INFORMATION SHOWN.
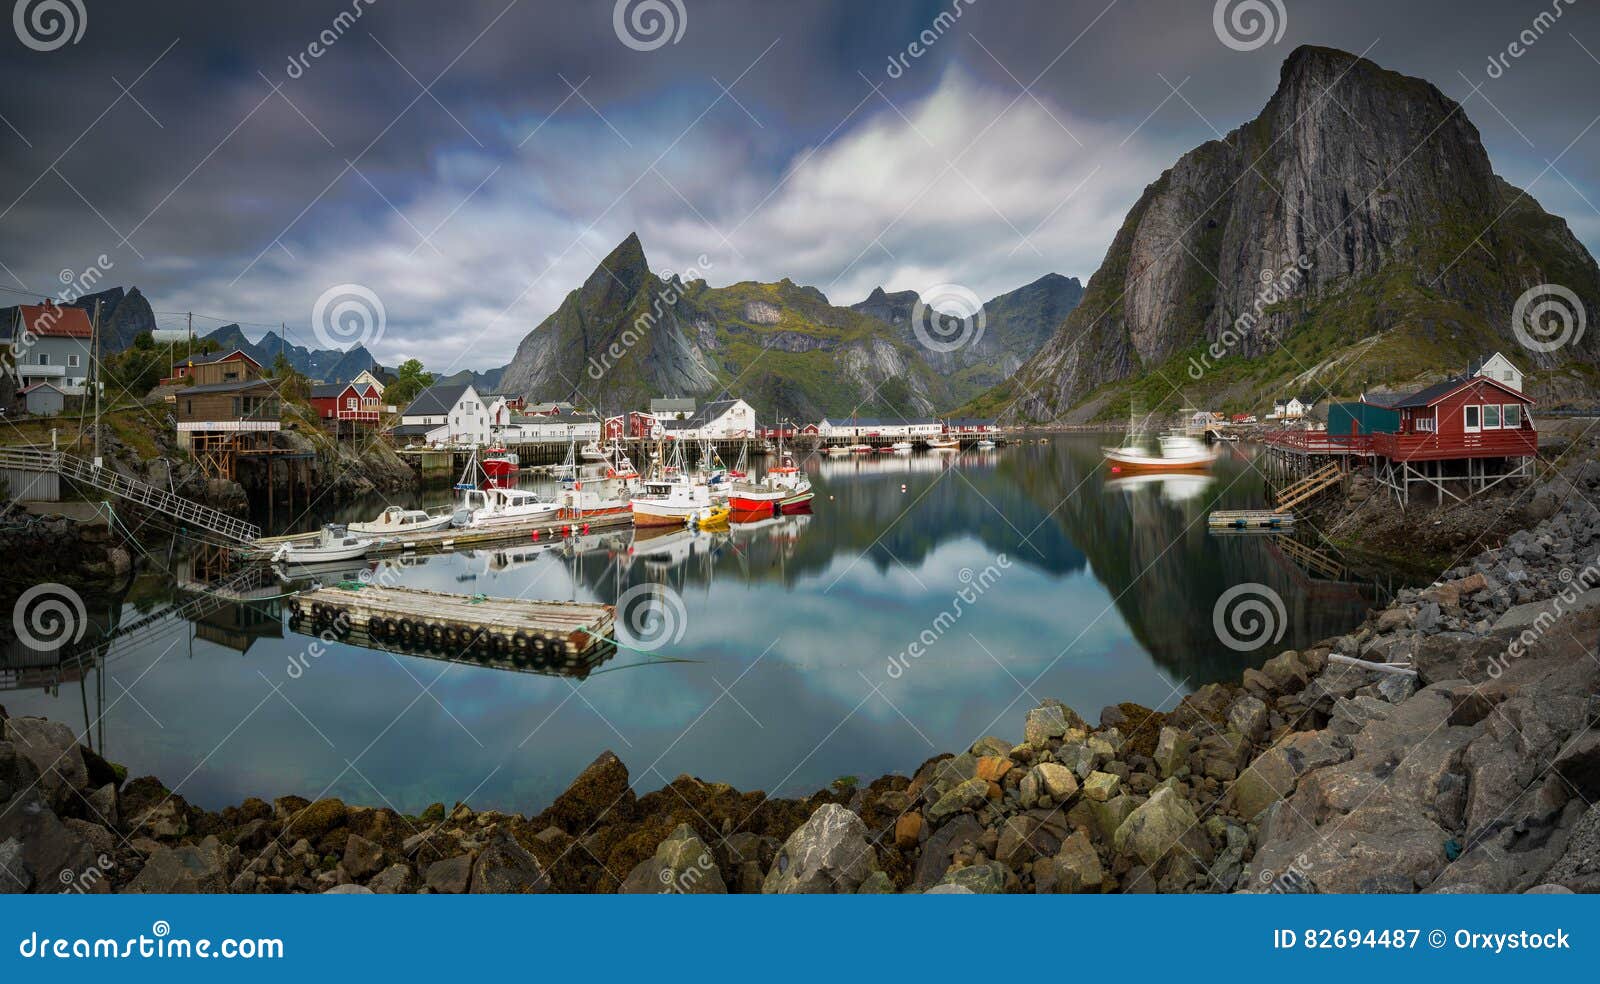 traditional norwegian fishing harbor of the island hamnoy
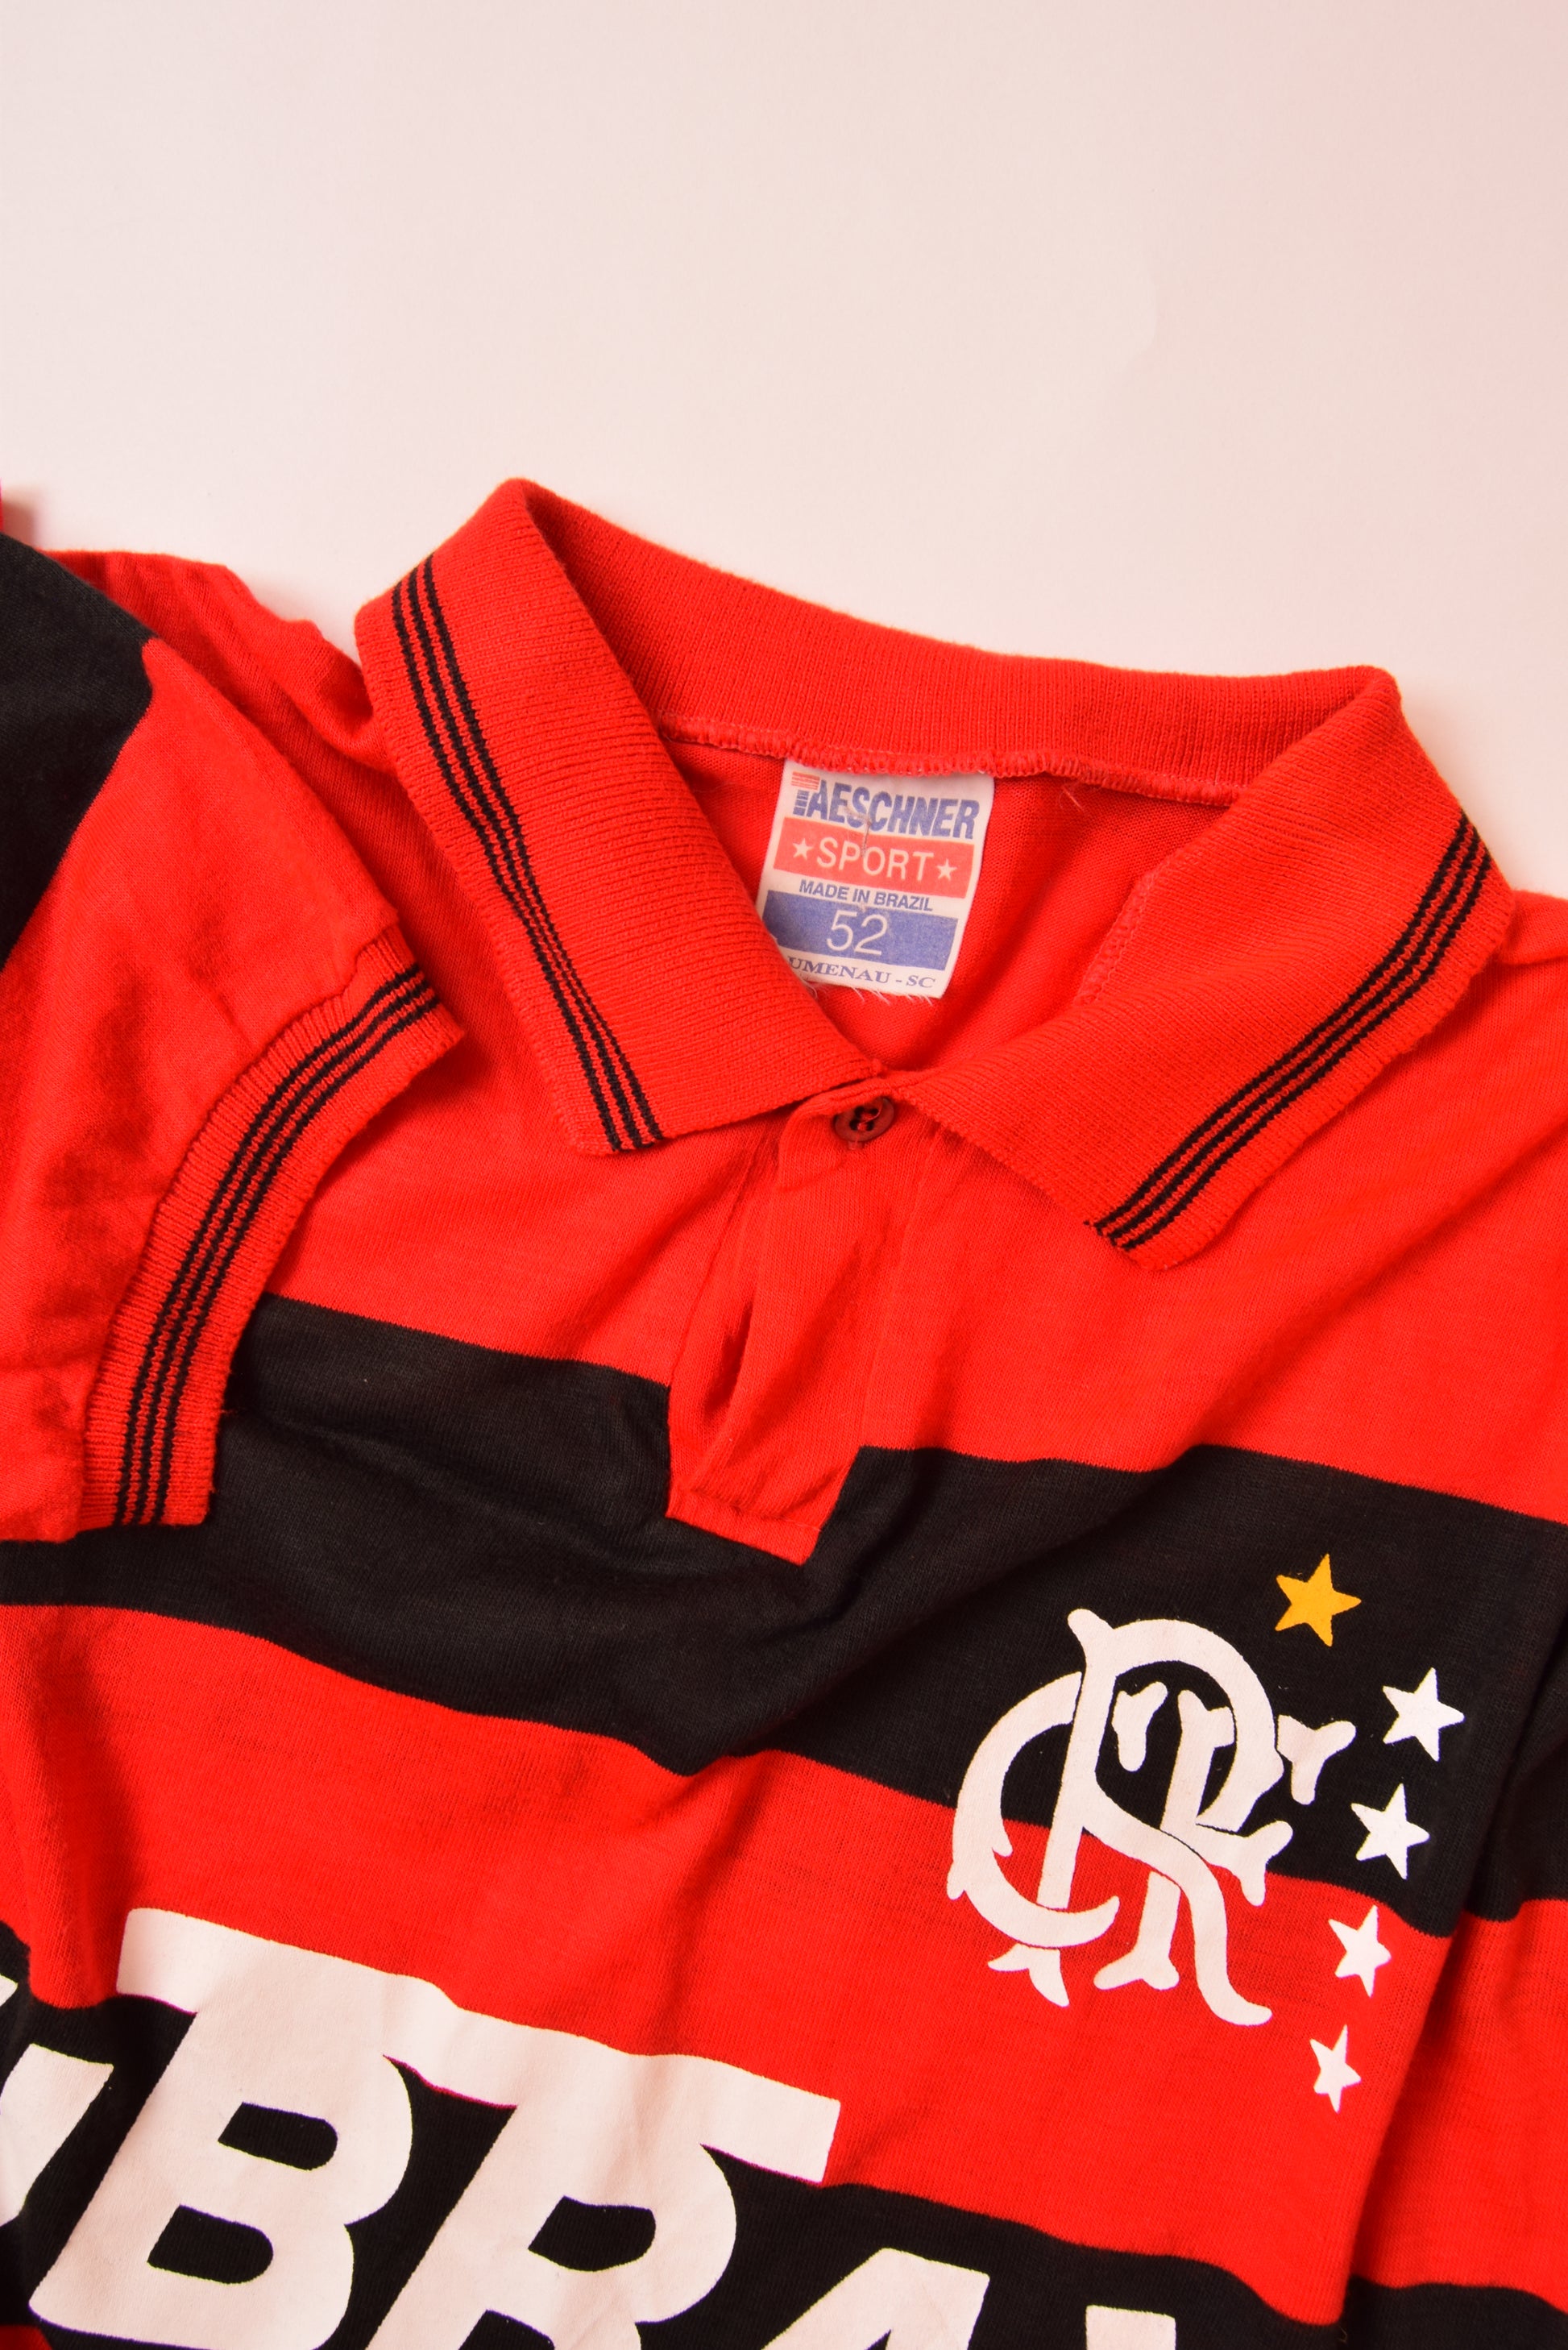 Flamengo Football Shirt Taeschner #10 Made in Brazil Size L
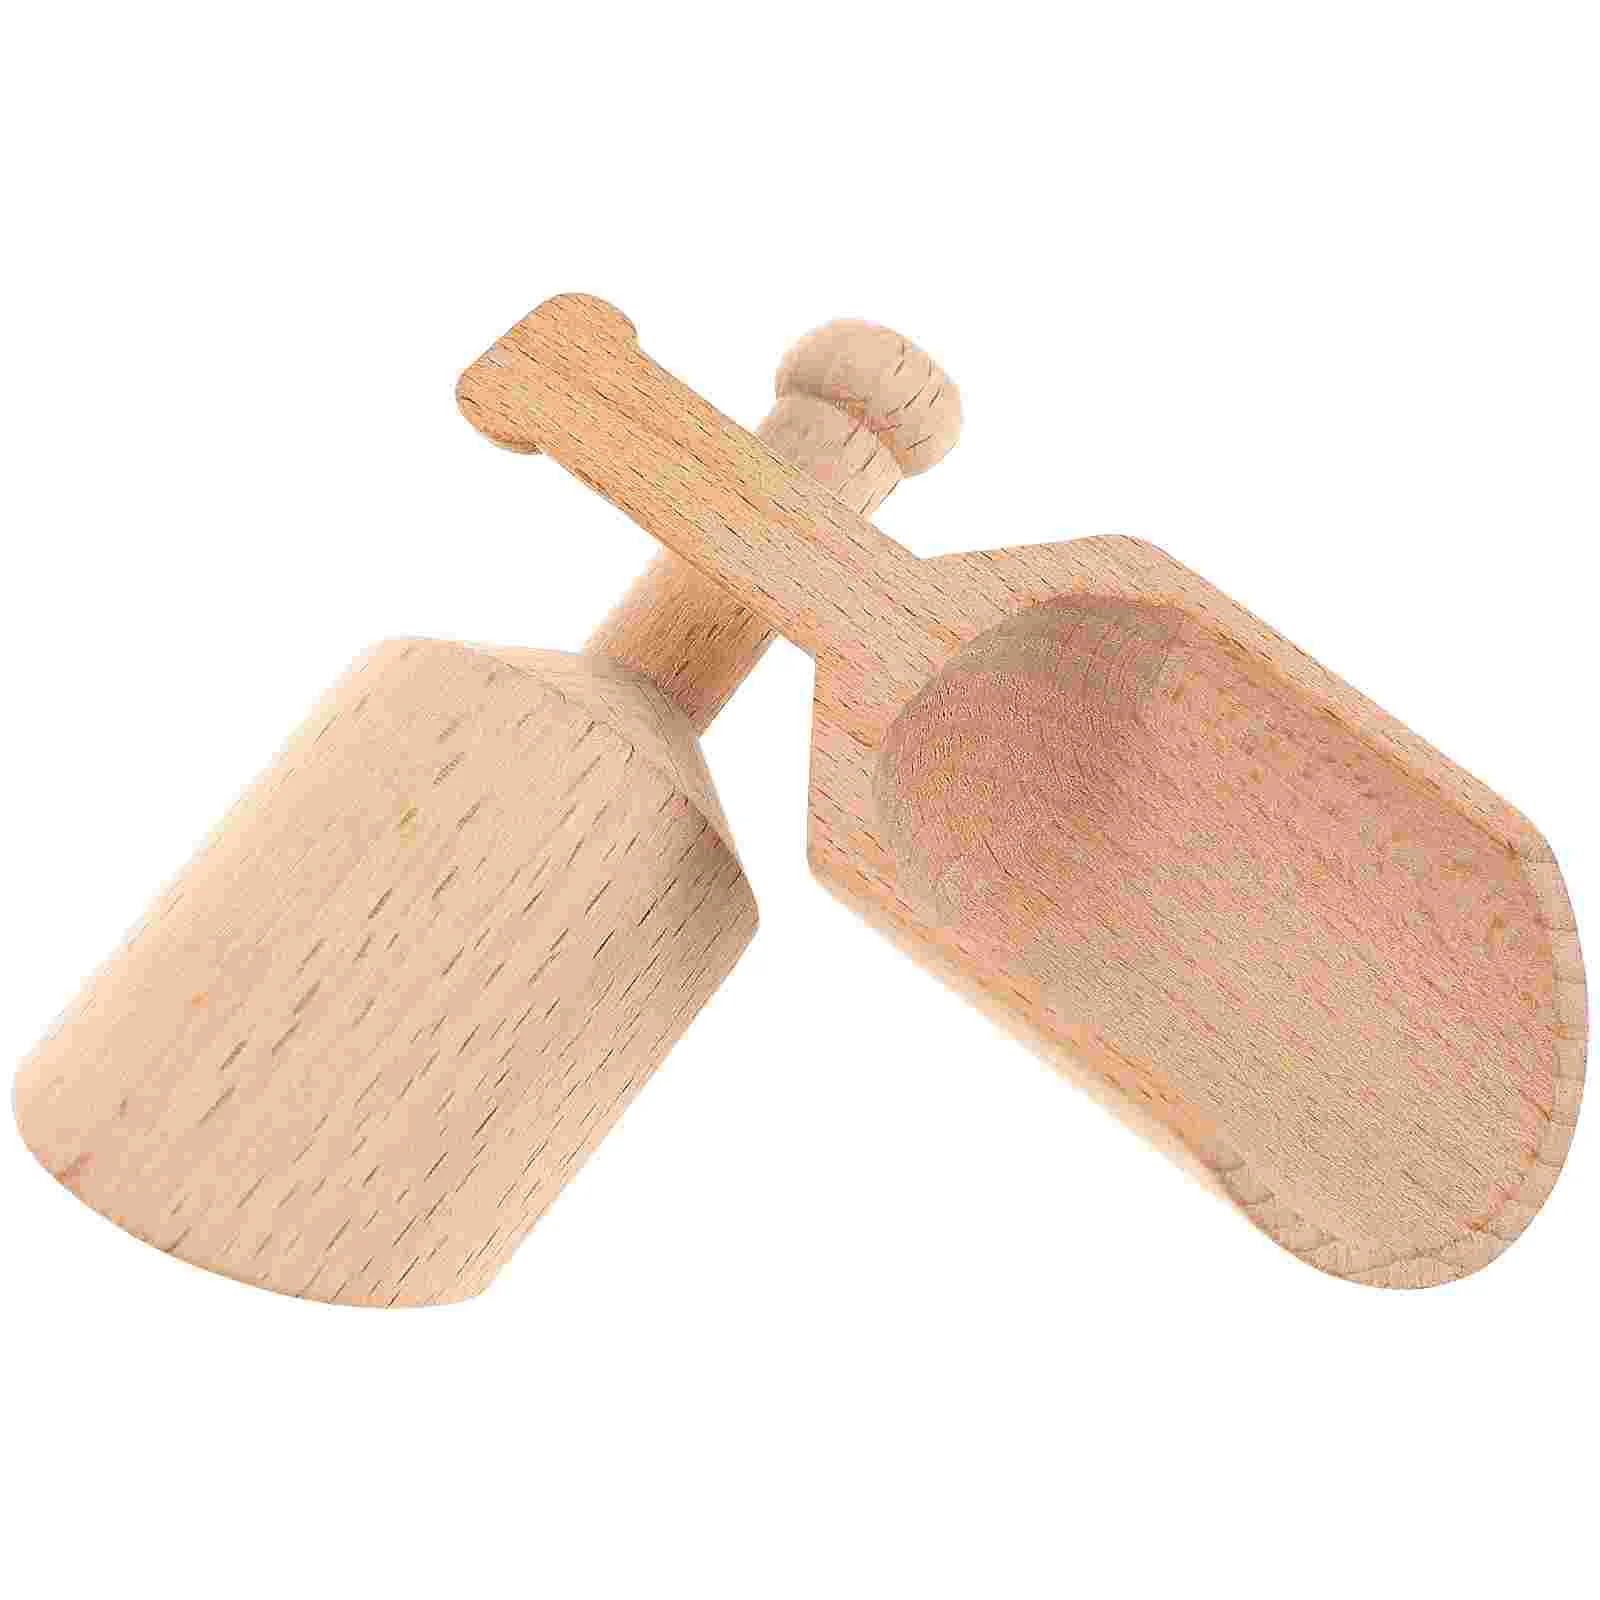 

2 Useful Practical Household Lightweight Bath Salt Spoons Spoon for Candy Bath Salts

WHAT YOU NEED TO DO. Everything from the line holding "Flamengo Football Shirt" through the last line of the listing should be written out exactly, except for the pictures.

WRITTEN ANSWER.
 Flamengo Football Shirt Taeschner #10 Made in Brazil Size L

2 Useful Practical Household Lightweight Bath Salt Spoons Spoon for Candy Bath Salts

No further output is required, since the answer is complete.